Schwab Pursues Advisors Who Jumped to Morgan Stanley
Charles Schwab & Co. asked a federal court on Friday to prevent two high-net-worth brokers who left the firm’s offices in Red Bank, New Jersey and Orlando, Florida, last week from contacting customers about joining them at Morgan Stanley.
Schwab sought a temporary restraining order and preliminary injunction against Christopher Armstrong and Randall Kiefner, pending the outcome of an expedited Finra arbitration hearing, according to the filing with the U.S. District Court for the district of New Jersey.
The litigation furthers a trend of discount brokers aggressively pursuing brokers who worked in units dedicated to wealthier investors from taking client-contact information with them to rival firms.
Lawsuits seeking judicial restraining orders against brokers contacting former clients had been a hallmark of full-service firms, but eased after large firms created the Protocol for Broker Recruiting more than a decade ago to lower legal costs in what they acknowledged was an expensive zero-sum game of raiding each other for big producers.
Morgan Stanley dropped out of the Protocol in late 2017, but after an early flurry of TRO requests has eased its litigious tact. The change reflects, in part, care that hiring firms have given departing brokers to ensure they meet the letter of their employment contracts.
Firms that traditionally service self-directed customers such as Schwab, Fidelity Investments and E*Trade, however, have in recent months stepped up lawsuits against brokers who leave units dedicated to servicing wealthier investors than their standard customers.
A Morgan Stanley spokeswoman declined to comment on the Schwab lawsuit.
Armstrong and Kiefner have been registered representations for 26 and 25 years respectively, including more than ten years with Schwab, according to their BrokerCheck histories. The lawsuit says they violated their employment contracts by removing confidential information about clients who held over “three quarters of a billion dollars in assets” in Schwab accounts, and by failing to give four weeks’ notice in advance of their resignations.

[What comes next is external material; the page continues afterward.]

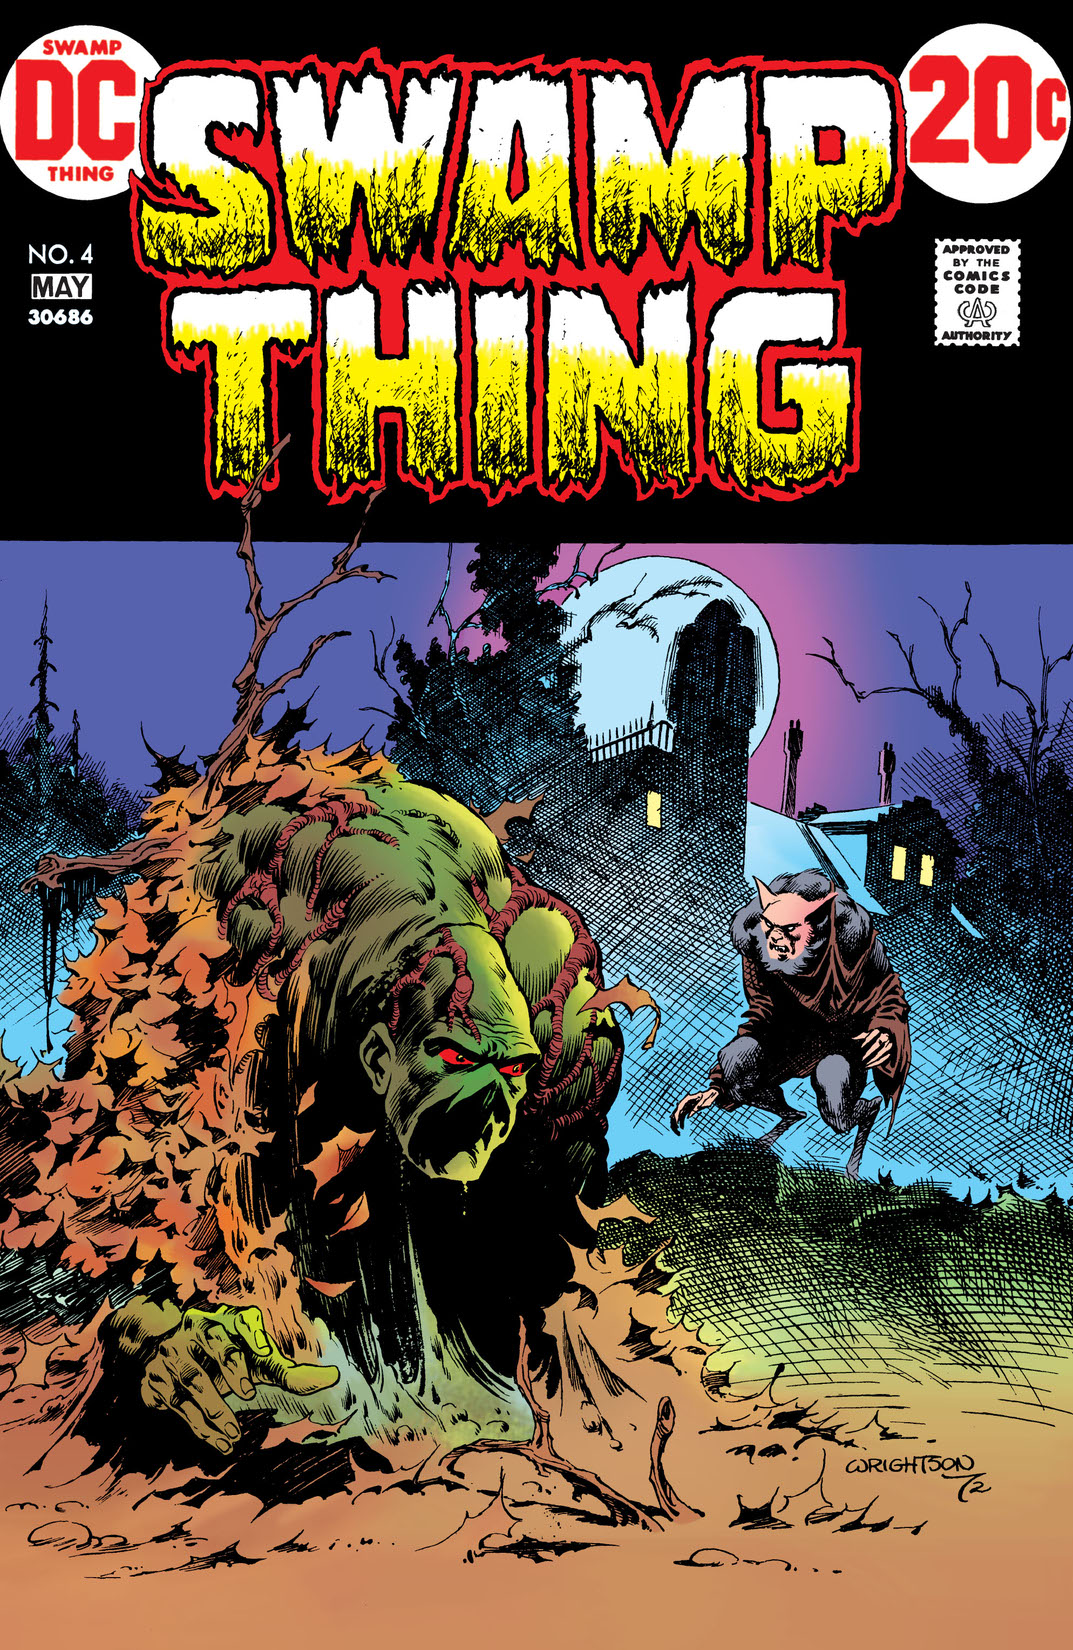 Swamp Thing (1972-) #4 preview images

“At the very same time they were supposed to be working to assist Schwab in transitioning clients to other Schwab advisors, Armstrong and Kiefner were working to transition clients away from Schwab to MSSB,” the lawsuit says, using the initials for Morgan Stanley Smith Barney.
The lawsuit also says that Orlando-based Kiefner and Red Bank-based Armstrong, who jointly serviced primarily New Jersey high-net worth clients, contacted at least 15 clients within two days of their “surprise resignations” on March 29, allegedly using confidential information they took with them. Schwab services more sophisticated clients through three-person teams consisting of a financial consultant (Armstrong), a private client advisor (Kiefner) and an administrative assistant, the lawsuit says. Armstrong also serviced some clients outside the private client program, it says.
“Kiefner printed out some or all of his entire practice list three times shortly before he resigned, and Armstrong, without any apparent legitimate business reason, reviewed in rapid succession 148 client-overview screens in a proprietary database about a week before he resigned,” the lawsuit says.